We also, very romantically, forgot the rings.
The minister, unfazed, slipped off his ponytail holder and handed it over, and just like that, my diamond was symbolized by something that had probably seen a few yoga classes and at least one bad haircut.
And yet—it worked. Maybe even better.
With the red rocks glowing and reflecting love and hope, we return to that same spot every few years to toast the unlikely magic of finding each other, holding on, and occasionally improvising when things don’t go according to plan. We look down into the bubbling Oak Creek at the foot of the mountain—still reflecting love, still reflecting hope.
We spent the week hiking trails that felt undiscovered, asking each other questions, and sometimes drifting into our own thoughts—the kind of quiet that only a good hike allows.
On the flight to Arizona, I watched One Battle After Another, which won Best Picture. I’ve always thought a film’s real test is how long it lingers after it ends. This one stuck.
“Time doesn’t exist, yet it controls us anyway.”
By mile nine of a very long hike, I was still turning over that line.
In the film, it’s a code phrase used by the resistance—a quiet signal between people trying to move freely in a system built to contain them. That alone is interesting.
But it stayed with me for another reason.
Time has always been slippery. We “spring forward” in March and suddenly I’m riding my bike at sunset along Lake Peachtree City. Meanwhile, in Arizona, I’m three hours behind home, and they’ve simply opted out of daylight saving time altogether—like the whole state collectively decided, “No thank you,” and went back to minding their business, a little prickly, like the cacti lining the trails.
As a student, I learned quickly that time doesn’t work the way we think it does. You can’t store it, save it, or bargain with it. And yet somehow—it still runs the show.

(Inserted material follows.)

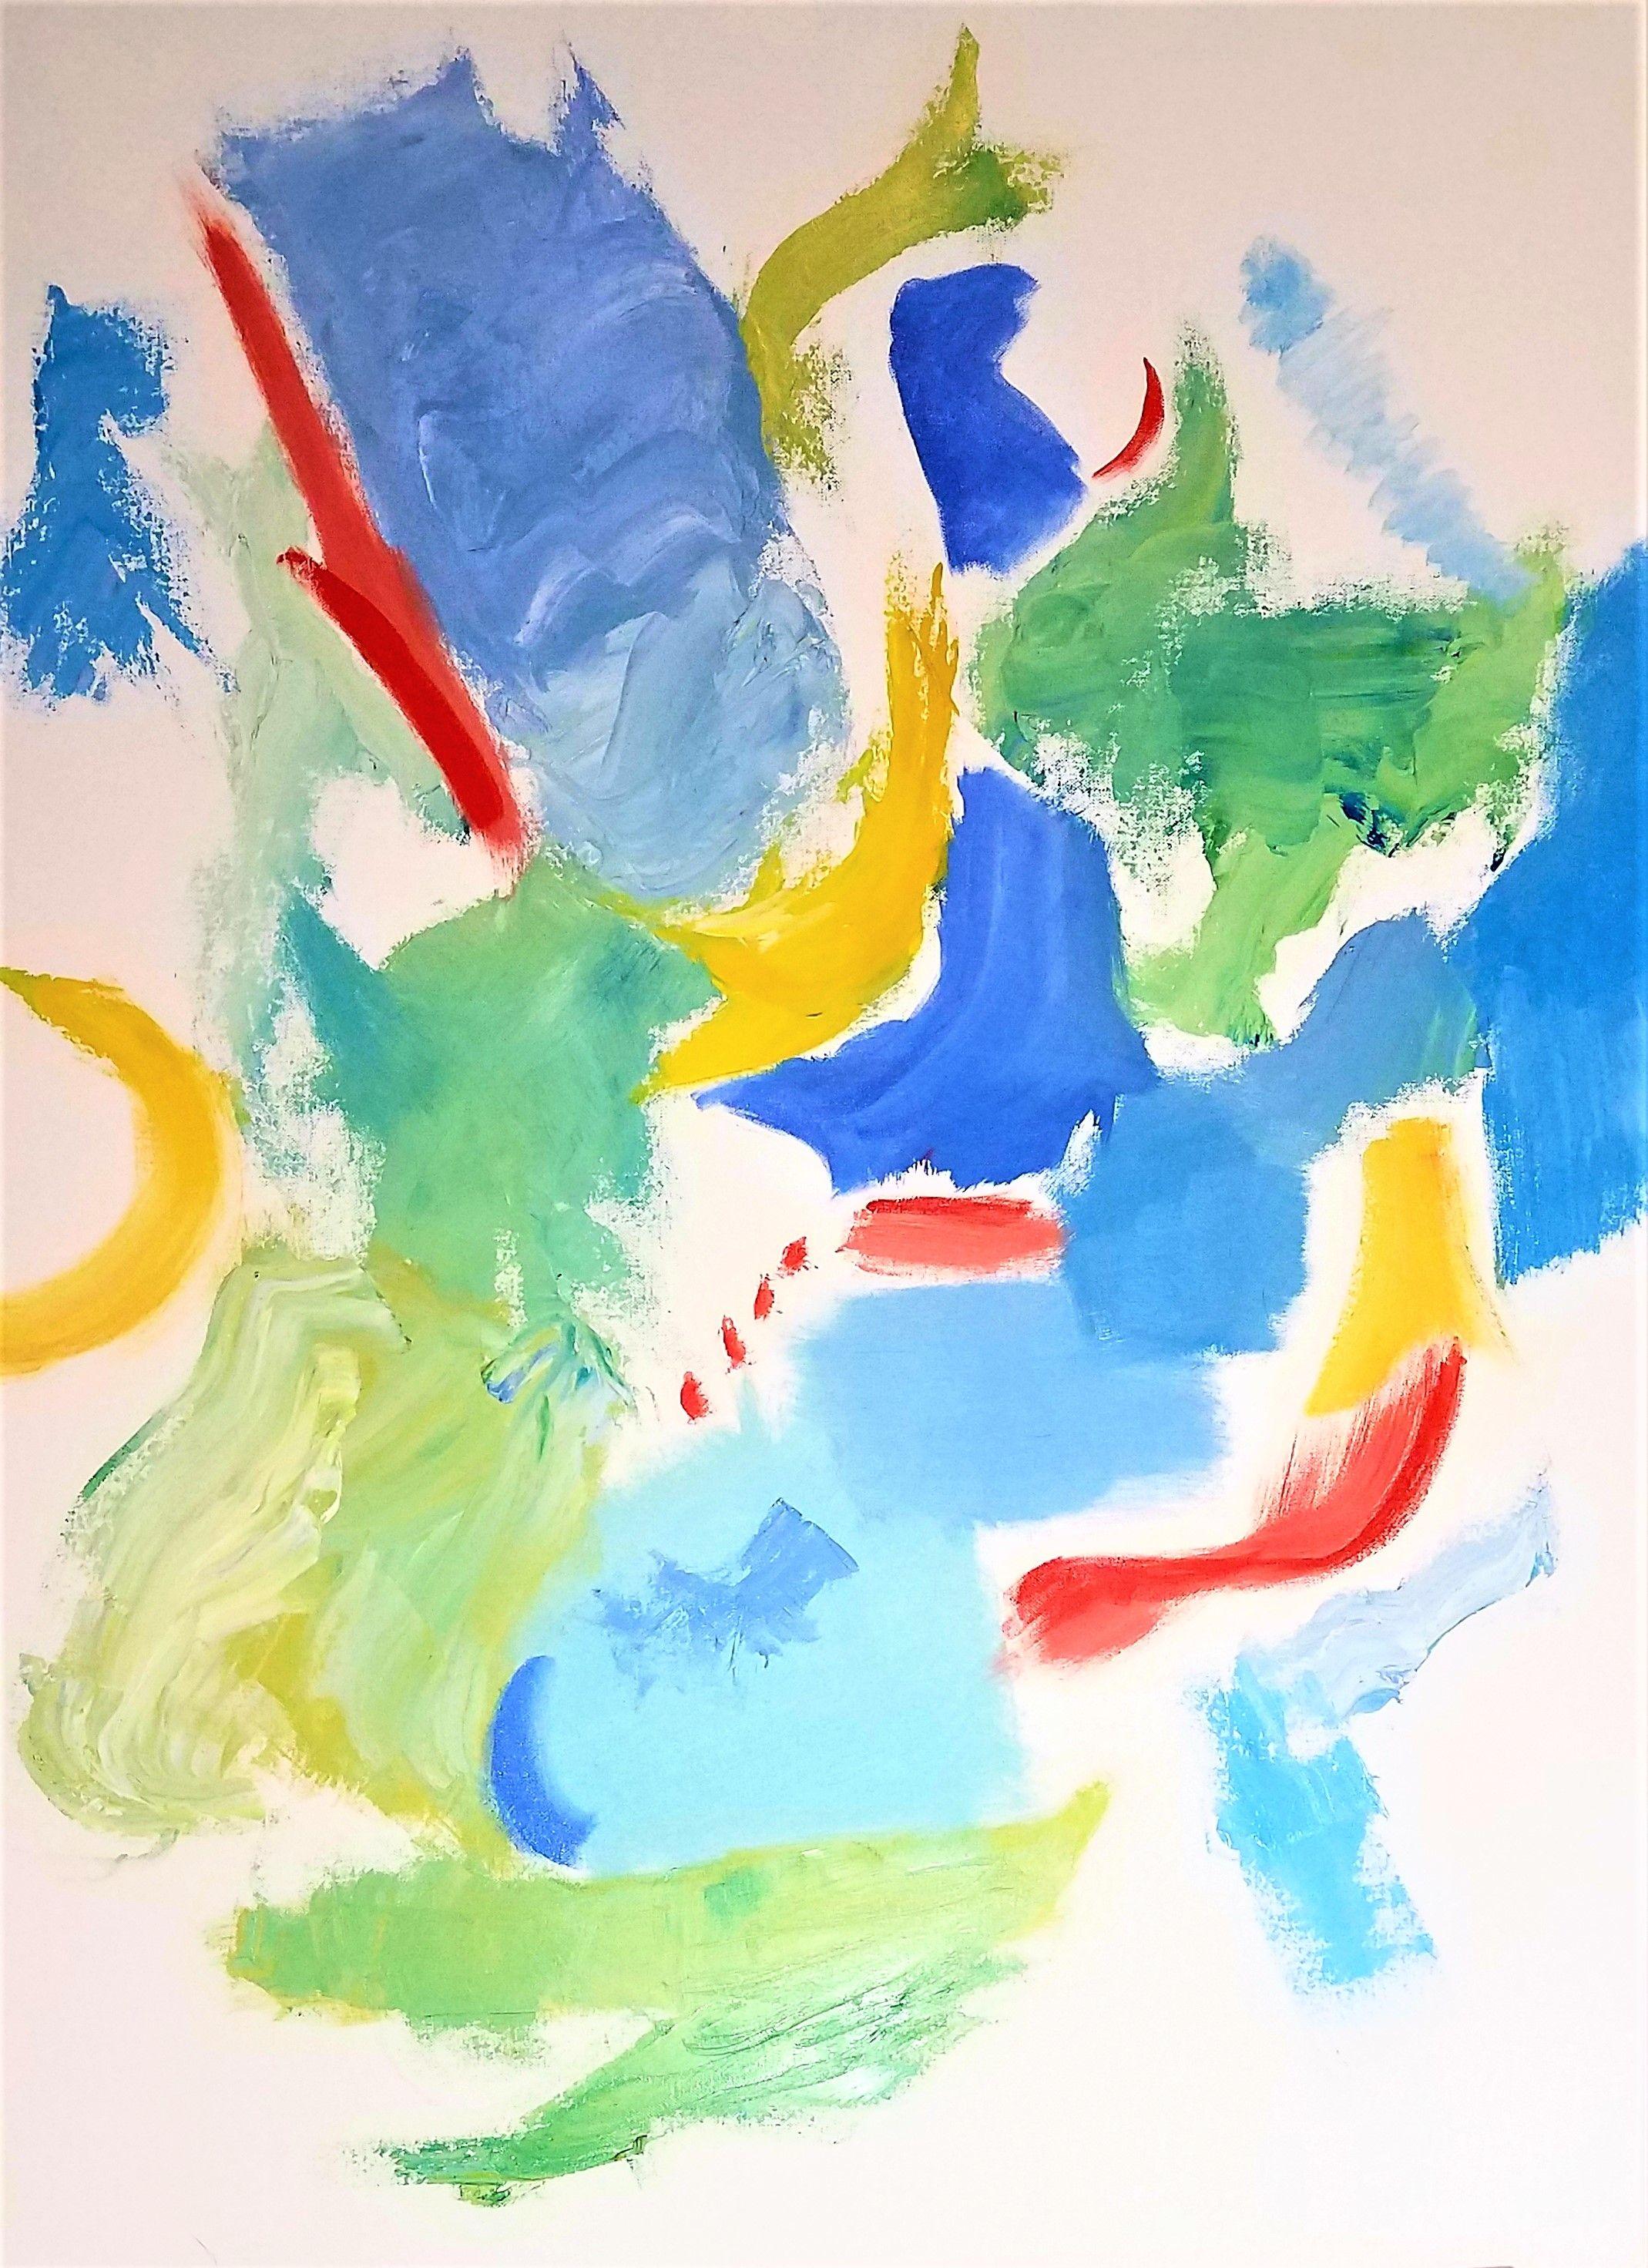 Abstract Painting Christine Frisbee - Jouer aux couleurs 1, peinture, huile sur toile

Deadlines. Schedules. The quiet pressure of the clock reminding you that you’re behind… or worse, running out.
I can Botox all day long and tell myself a good story, but the truth is—time always wins. The problem isn’t time. Time doesn’t care. It’s not personal.
The problem is my relationship with it.
When I ignore that relationship, time starts to feel like an opponent—external, demanding, slightly annoyed with me. But when I pay attention—when I shape my day with intention, with rhythm, with space to think and write and breathe—it softens.
It becomes less of a dictator and more of a companion.
And maybe that’s the shift.
Time is going to show up whether we invite it or not. The question is whether we fight it… or learn to walk alongside it.
I’m aiming for walking alongside—with a little grace, a flexible schedule, and a backup ponytail holder, just in case.
Because in the end, it’s not about keeping time.
It’s about keeping the moments that mattered—
even the ones held together with a borrowed ponytail holder.